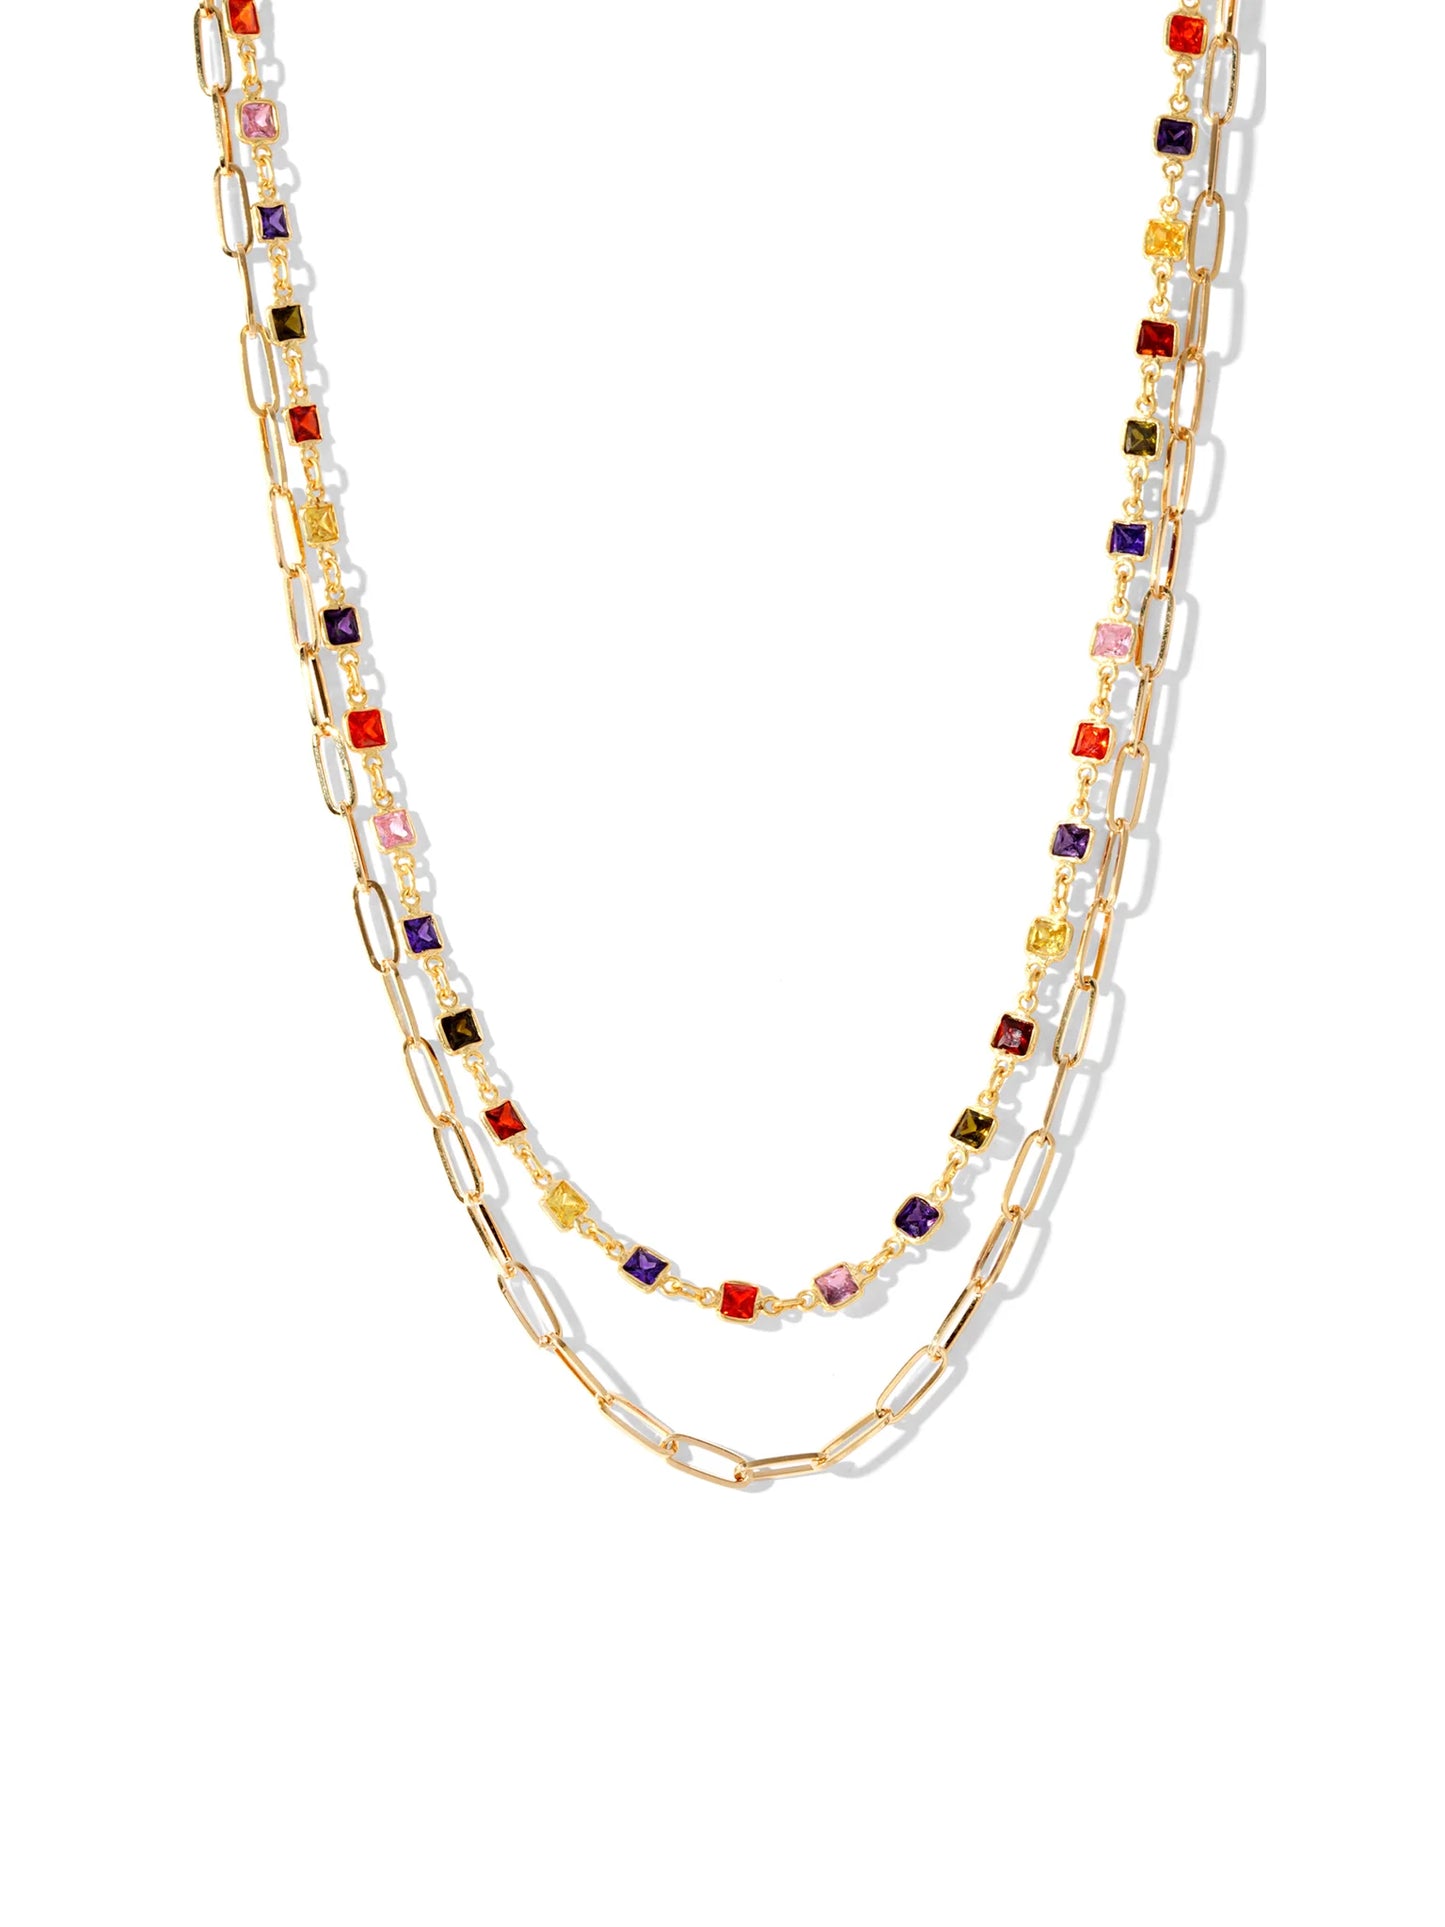 The Arlette Necklace
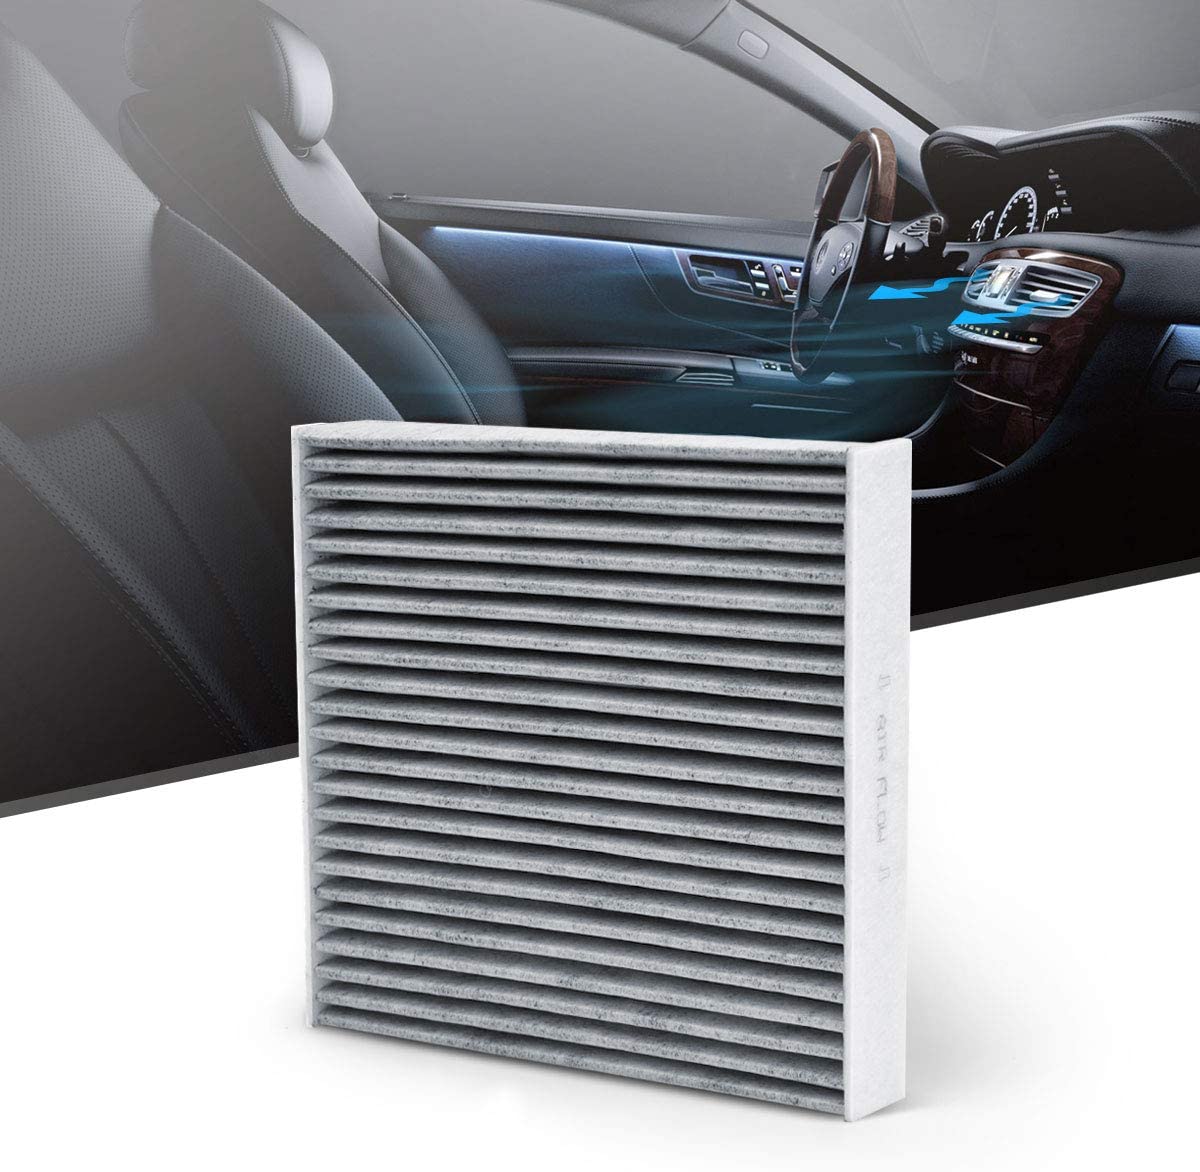 KAFEEK Cabin Air Filter Fits CF10285/87139-02090/87139-06040/87139-07010/87139-50060,Replacement for/Lexus/Scion, includes Activated Carbon
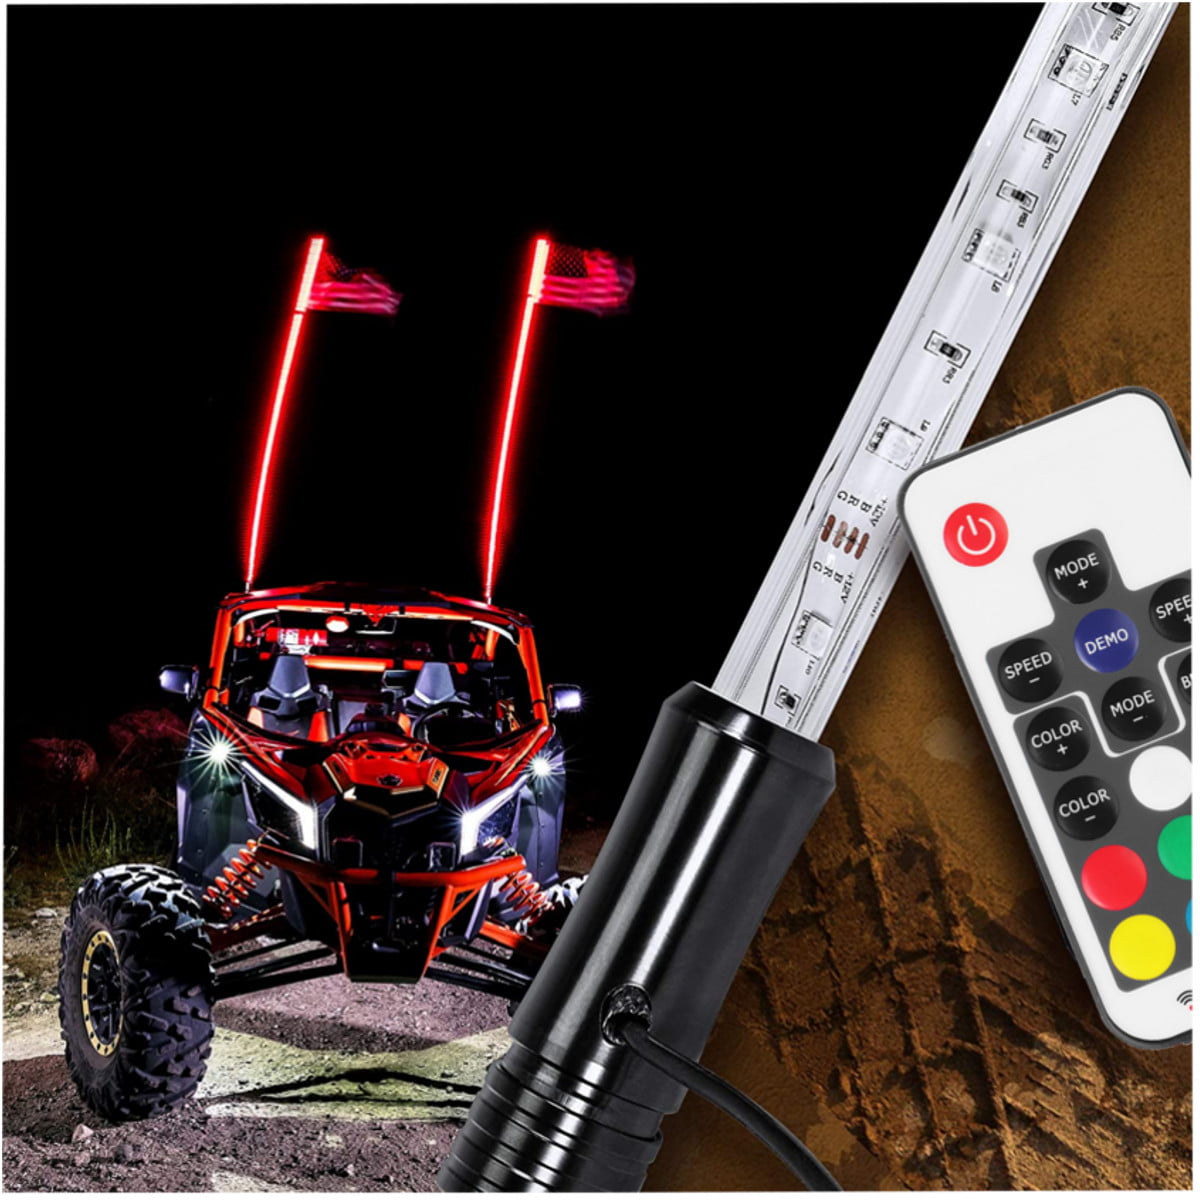 Xprite 5FT Spiral LED Whip Lights Flag Pole with Remote Control for UTV ATV Truck Polaris RZR XP 1000 Can am Maverick X3 Side by Side Quad Dune Buggy 2PCS

__________________________________________________

→ Aim of the exercise
Pictures aside, return all of the material exactly as written.

→ Exercise response
 The Arlette Necklace
 KAFEEK Cabin Air Filter Fits CF10285/87139-02090/87139-06040/87139-07010/87139-50060,Replacement for/Lexus/Scion, includes Activated Carbon
 Xprite 5FT Spiral LED Whip Lights Flag Pole with Remote Control for UTV ATV Truck Polaris RZR XP 1000 Can am Maverick X3 Side by Side Quad Dune Buggy 2PCS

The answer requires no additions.